11. Entire Agreement; Survival Of Warranties

   11.1. The parties agree that neither party has made any representation,
warranty or covenant not set forth herein and that this Agreement constitutes
the entire agreement between the parties.

   11.2.  Except as specified in the next sentence set forth in this section
11.2, the representations, warranties and covenants contained in this Agreement
or in any document delivered pursuant hereto or in connection herewith shall
not survive the consummation of the transactions contemplated hereunder.

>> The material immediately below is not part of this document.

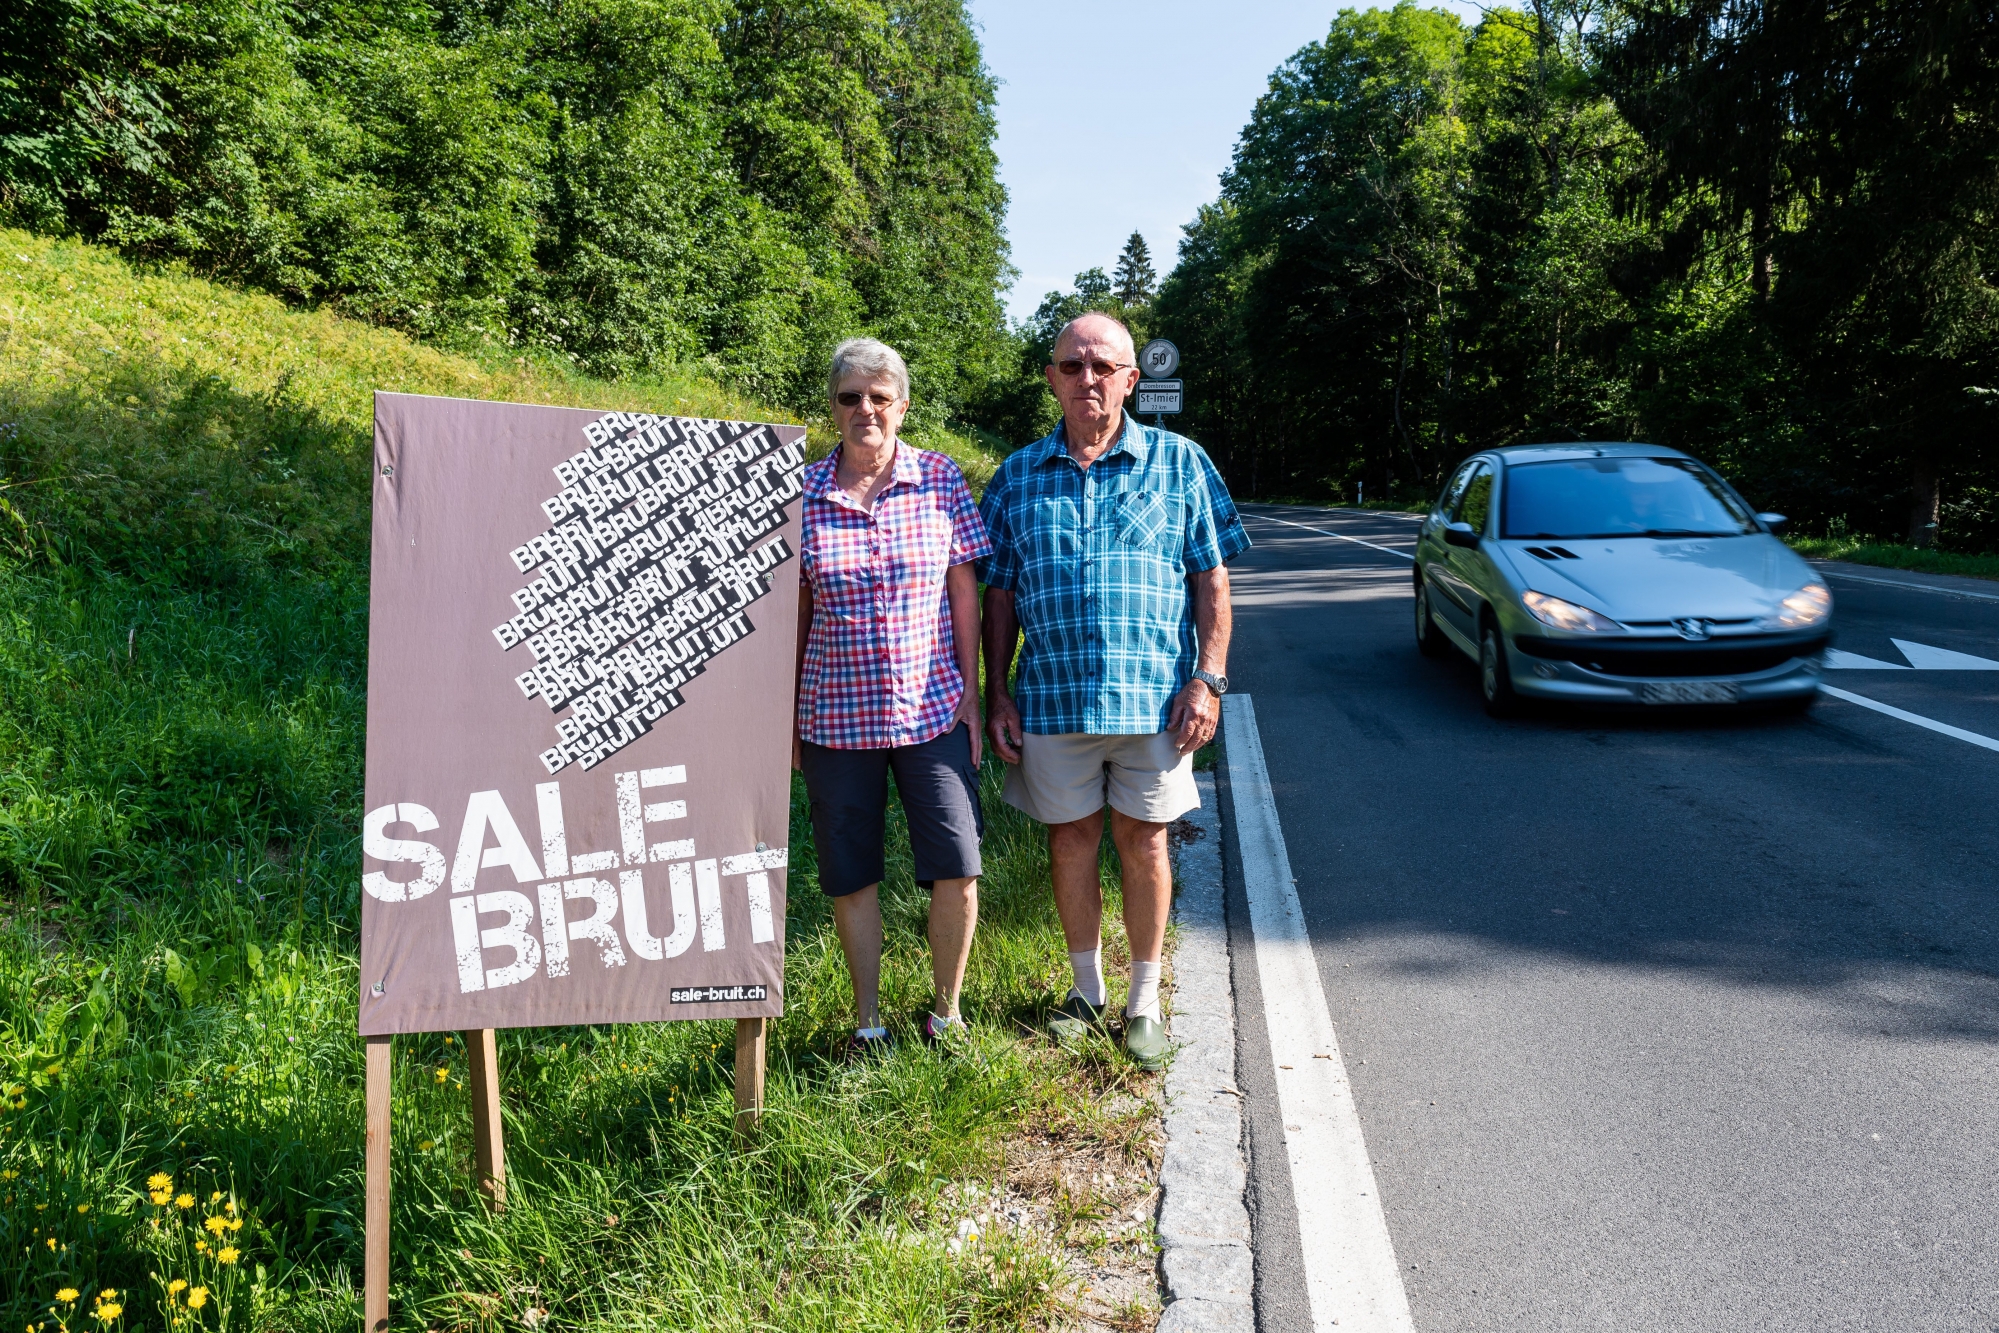 Exaspérés par le bruit, Nicole et Jean-Pierre Jeanneret ont posé cette affiche sur le bord de la route dans l'espoir de sensibiliser les conducteurs à mettre la pédale douce.

   The covenants to be performed after the Closing and the obligations of each
of the Acquired Trust, on behalf of each of the Acquired Portfolios, and the
Acquiring Trust, on behalf of the Acquiring Portfolio, in sections 9.1 and 9.2
shall survive the Closing.

12. Termination

   This Agreement may be terminated and the transactions contemplated hereby
may be abandoned by either party by (i) mutual agreement of the parties, (ii)
by either party if the Closing shall not have occurred on or before June 30,
2001, unless such date is extended by mutual agreement of the parties, or (iii)
by either party if the other party shall have materially breached its
obligations under this Agreement or made a material and intentional
misrepresentation herein or in connection herewith. In the event of any such
termination, this Agreement shall become void and there shall be no liability
hereunder on the part of any party or their respective trustees or officers,
except for any such material breach or intentional misrepresentation, as to
each of which all remedies at law or in equity of the party adversely affected
shall survive.

13. Amendments

   This Agreement may be amended, modified or supplemented in such manner as
may be mutually agreed upon in writing by the authorized officers of the
Acquired Trust and the Acquiring Trust; provided, however, that following the
meeting of shareholders of the Acquired Portfolios called by the Acquired
Portfolios pursuant to section 5.3 of this Agreement, no such amendment may
have the effect of reducing the number of the Acquiring Portfolio Shares to be
issued to the shareholders of either Acquired Portfolio under this Agreement to
the detriment of such shareholders without their further approval.

14. Notices

   Any notice, report, statement or demand required or permitted by any
provision of this Agreement shall be in writing and shall be deemed duly given
if delivered by hand (including by Federal Express or similar express courier)
or transmitted by facsimile or three days after being mailed by prepaid
registered or certified mail, return receipt requested, addressed to the
Acquired Trust or the Acquired Portfolios, c/o Variable Annuity Portfolios, 7
World Trade Center, New York, New York 10048, with a copy to Roger P. Joseph,
Esq., Bingham Dana LLP, 150 Federal Street, Boston, MA 02110, or to the
Acquiring Trust or the Acquiring Portfolio, c/o Greenwich Street Series Fund, 7
World Trade Center, New York, New York 10048, with a copy to Burton M. Leibert,
Esq., Willkie Farr & Gallagher, 787 Seventh Avenue, New York, New York 10019,
or to any other address that the Acquired Trust or the Acquiring Trust shall
have last designated by notice to the other party.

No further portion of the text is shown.